Attention – the ability to focus on what matters amidst distractions – is crucial in our fast-paced world. Researchers at the Action Control and Cognition Lab at the University of Hyderabad have shed light on how our brains actively control this process, revealing a powerful tool called “distractor suppression.”



Imagine a busy street. Our brains can selectively suppress the flashing lights and honking horns, allowing us to focus on crossing safely. This remarkable ability is goal-driven, meaning we can choose where to “tune out” distractions. However, this superpower has limitations. Reliable clues about where distractions are most likely are key. If these cues are weak or change frequently, our brains switch to a different strategy, like ignoring familiar sounds.

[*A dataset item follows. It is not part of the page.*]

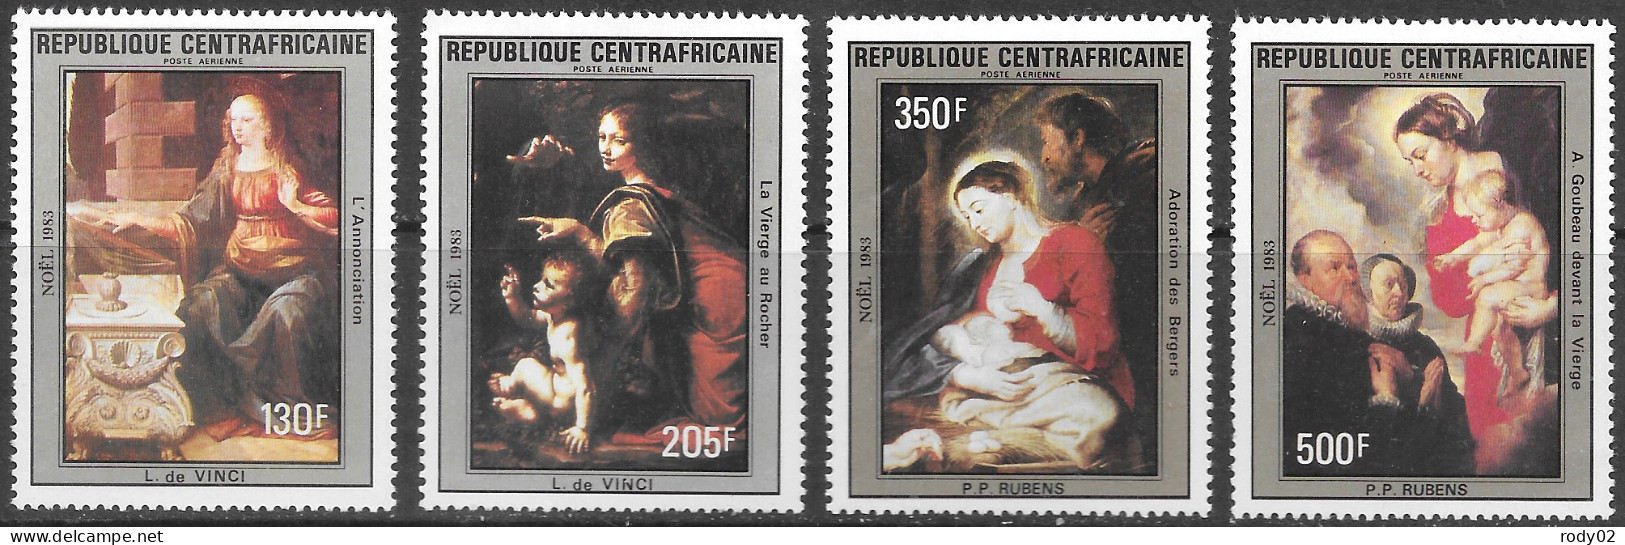 CENTRAFRIQUE - NOEL - TABLEAUX DE LEONARD DE VINCI - PA 294 A 297 - NEUF** MNH - Gemälde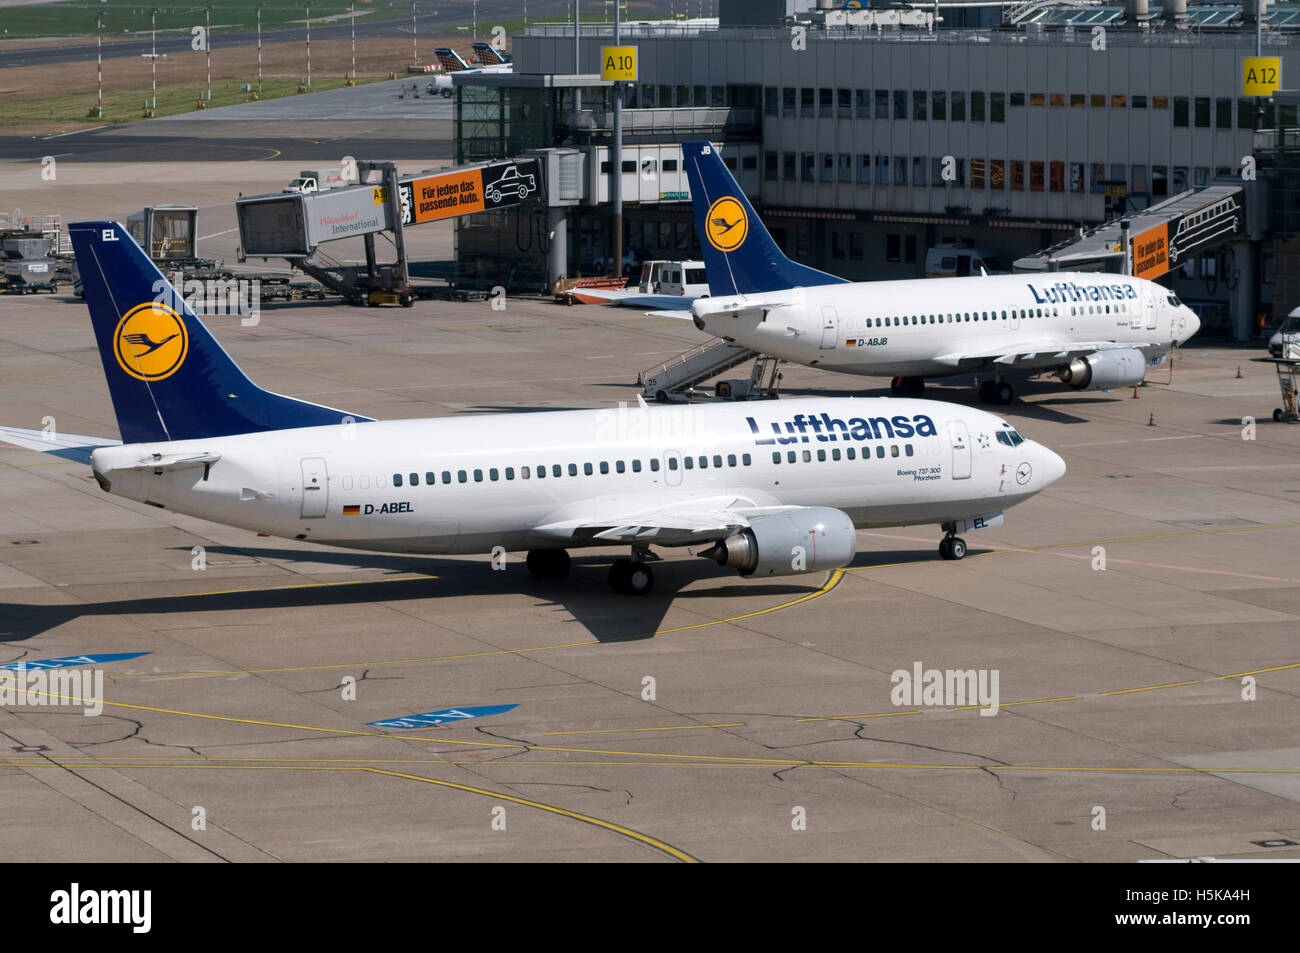 Airport, airfield, aircraft, Lufthansa airline, Boeing 737-300, D-ABEC, Duesseldorf, Rhineland, North Rhine-Westphalia Stock Photo

Think of attention as a limited resource. Using this control takes brainpower, and if the task isn’t important enough, our brains might decide to conserve that energy for other things. But the good news is, we can adapt! If the task changes over time, our brains can gradually adjust their “distraction filter” to match the new situation.

This research, published in a significant journal in cognitive science and attention research, Attention, Perception & Psychophysics of the Psychonomic Society USA, underscores the power of clear instructions and consistent expectations in helping us focus. By understanding how our brains manage distractions, we can design better learning environments, optimize workplaces, and even improve our personal productivity.

Vaishnvai Mohite, PhD student at the Action Control and Cognition Lab (ACCL) whose work focuses on studying the role of consciousness in distractor suppression, led this research, along with Dr. Seema Prasad, Maria Reiche Postdoctoral Fellow, TU Dresden, Germany. Prof. Ramesh Kumar Mishra, Head of the Centre for Cognitive Sciences (CNCS) supervised the research and is actively pursuing these questions at ACCL.

Funding: This research was supported by an Institute of Excellence grant to Prof. Ramesh Mishra. Dr. Seema Prasad was supported by an Alexander von Humboldt postdoctoral fellowship.

Publication: Mohite, V., Prasad, S., & Mishra, R.K. (2023).

Investigating the role of spatial filtering on distractor suppression. Attention, Perception, & Psychophysics, 1-12.